Automated Creation of Digital Cousins for Robust Policy Learning
A policy trained in simulation with digital cousins can successfully transfer to the real world and open a cabinet.
A policy trained in simulation with digital cousins can successfully transfer to the real world and open a cabinet.
Training robot policies in the real world can be unsafe, costly, and difficult to scale. Simulation serves as an inexpensive and potentially limitless source of training data, but suffers from the semantics and physics disparity between simulated and real-world environments. These discrepancies can be minimized by training in digital twins, which serve as virtual replicas of a real scene but are expensive to generate and cannot produce cross-domain generalization. To address these limitations, we propose the concept of digital cousins, a virtual asset or scene that, unlike a digital twin, does not explicitly model a real-world counterpart but still exhibits similar geometric and semantic affordances. As a result, digital cousins simultaneously reduce the cost of generating an analogous virtual environment while also facilitating better generalization across domains by providing a distribution of similar training scenes. Leveraging digital cousins, we introduce a novel method for the Automatic Creation of Digital Cousins (ACDC), and propose a fully automated real-to-sim-to-real pipeline for generating fully interactive scenes and training robot policies that can be deployed zero-shot in the original scene. We find that ACDC can produce digital cousin scenes that preserve geometric and semantic affordances, and can be used to train policies that outperform policies trained on digital twins, achieving 90% vs. 25% under zero-shot sim-to-real transfer.

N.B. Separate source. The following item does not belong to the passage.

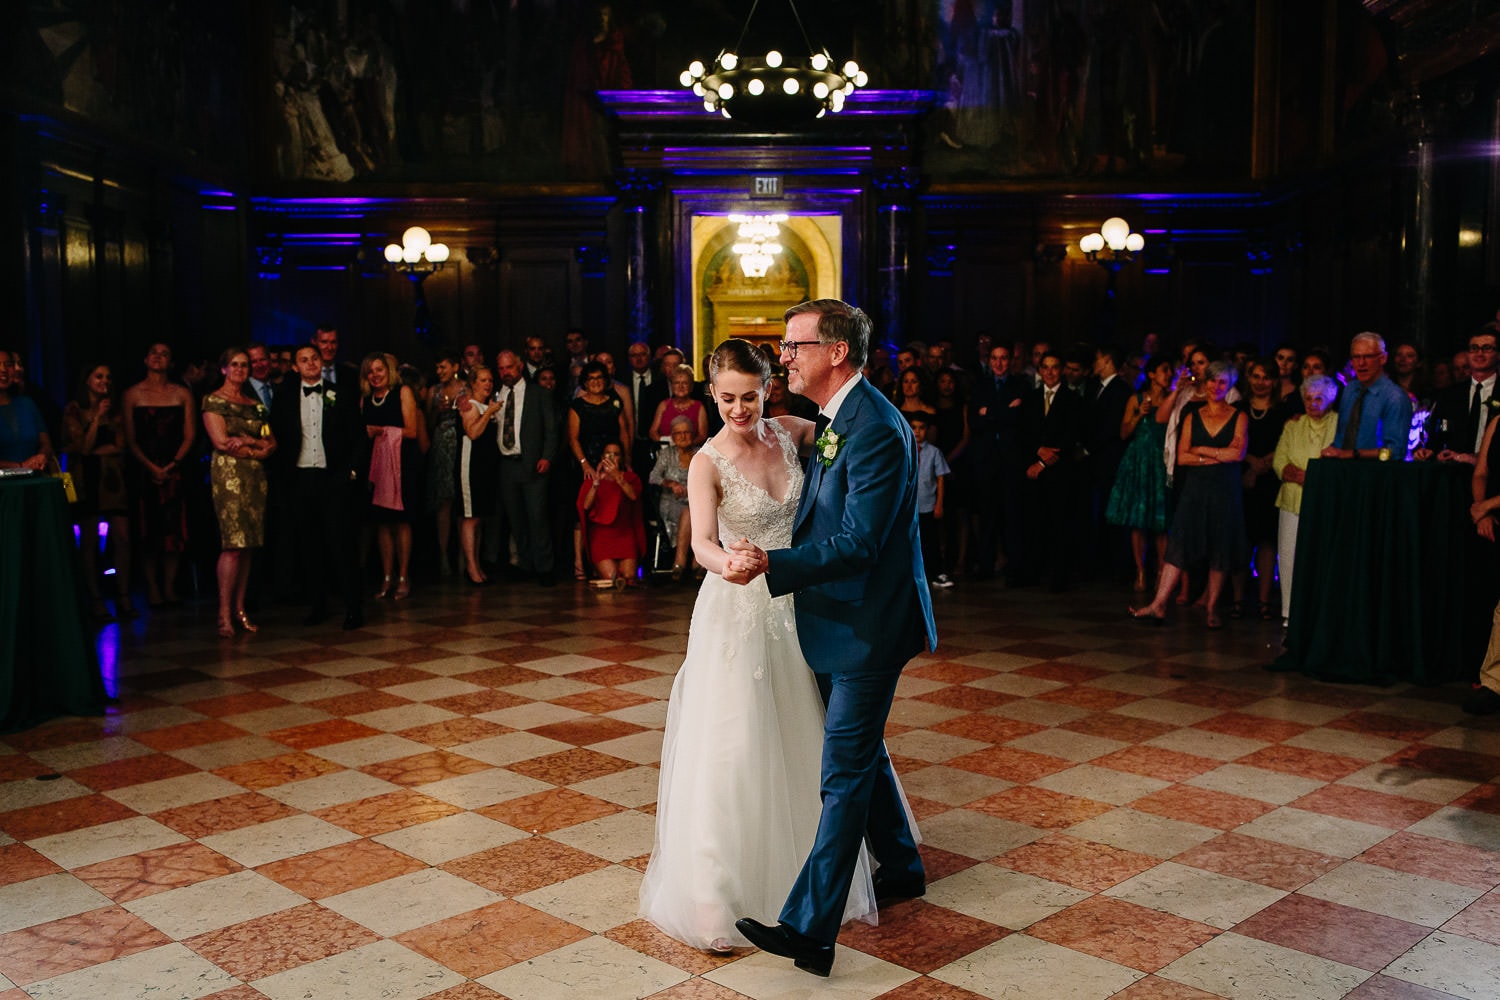 Boston Public Library wedding | Kelly Benvenuto Photography | Boston wedding photographer

ACDC is composed of three sequential steps. (1) First, relevant per-object information is extracted the input RGB image. (2) Next, we use this information with an asset dataset to match digital cousins to each detected input object. (3) Finally, we post-process the chosen digital cousins and generate a fully-interactive simulated scene.
We answer the following research questions through experiments:
Q1: Can ACDC produce high-quality digital cousin scenes? Given a single RGB image, can ACDC capture
the high-level semantic and spatial details inherent in the original scene?
Q2: Can policies trained on digital cousins match the performance of policies trained on a digital
twin when evaluated on the original setup?
Q3: Do policies trained on digital cousins exhibit better robustness compared to policies trained on
a digital twin when evaluated on the out-of-distribution setups?
Q4: Do policies trained on digital cousins enable zero-shot sim-to-real policy transfer?
Based on these results, we can safely answer Q1: ACDC can indeed preserve semantic and spatial details of input scenes, generating cousins of real-world objects from a single RGB image that can be accurately positioned and scaled to match the original scene.
Based on these results, we can safely answer Q2, Q3, and Q4: Policies trained using digital cousins exhibit comparable in-distribution and more robust out-of-distribution performance compared to policies trained on digital twins, and can enable zero-shot sim-to-real policy transfer.
ACDC is a fully automated pipeline used to quickly generate fully interactive digital cousin scenes corresponding to a single real-world RGB image. We find that policies trained on these digital cousin setups are more robust than those trained on digital twins, with comparable in-domain performance and superior out-of-domain generalization, and enable zero-shot sim-to-real policy transfer.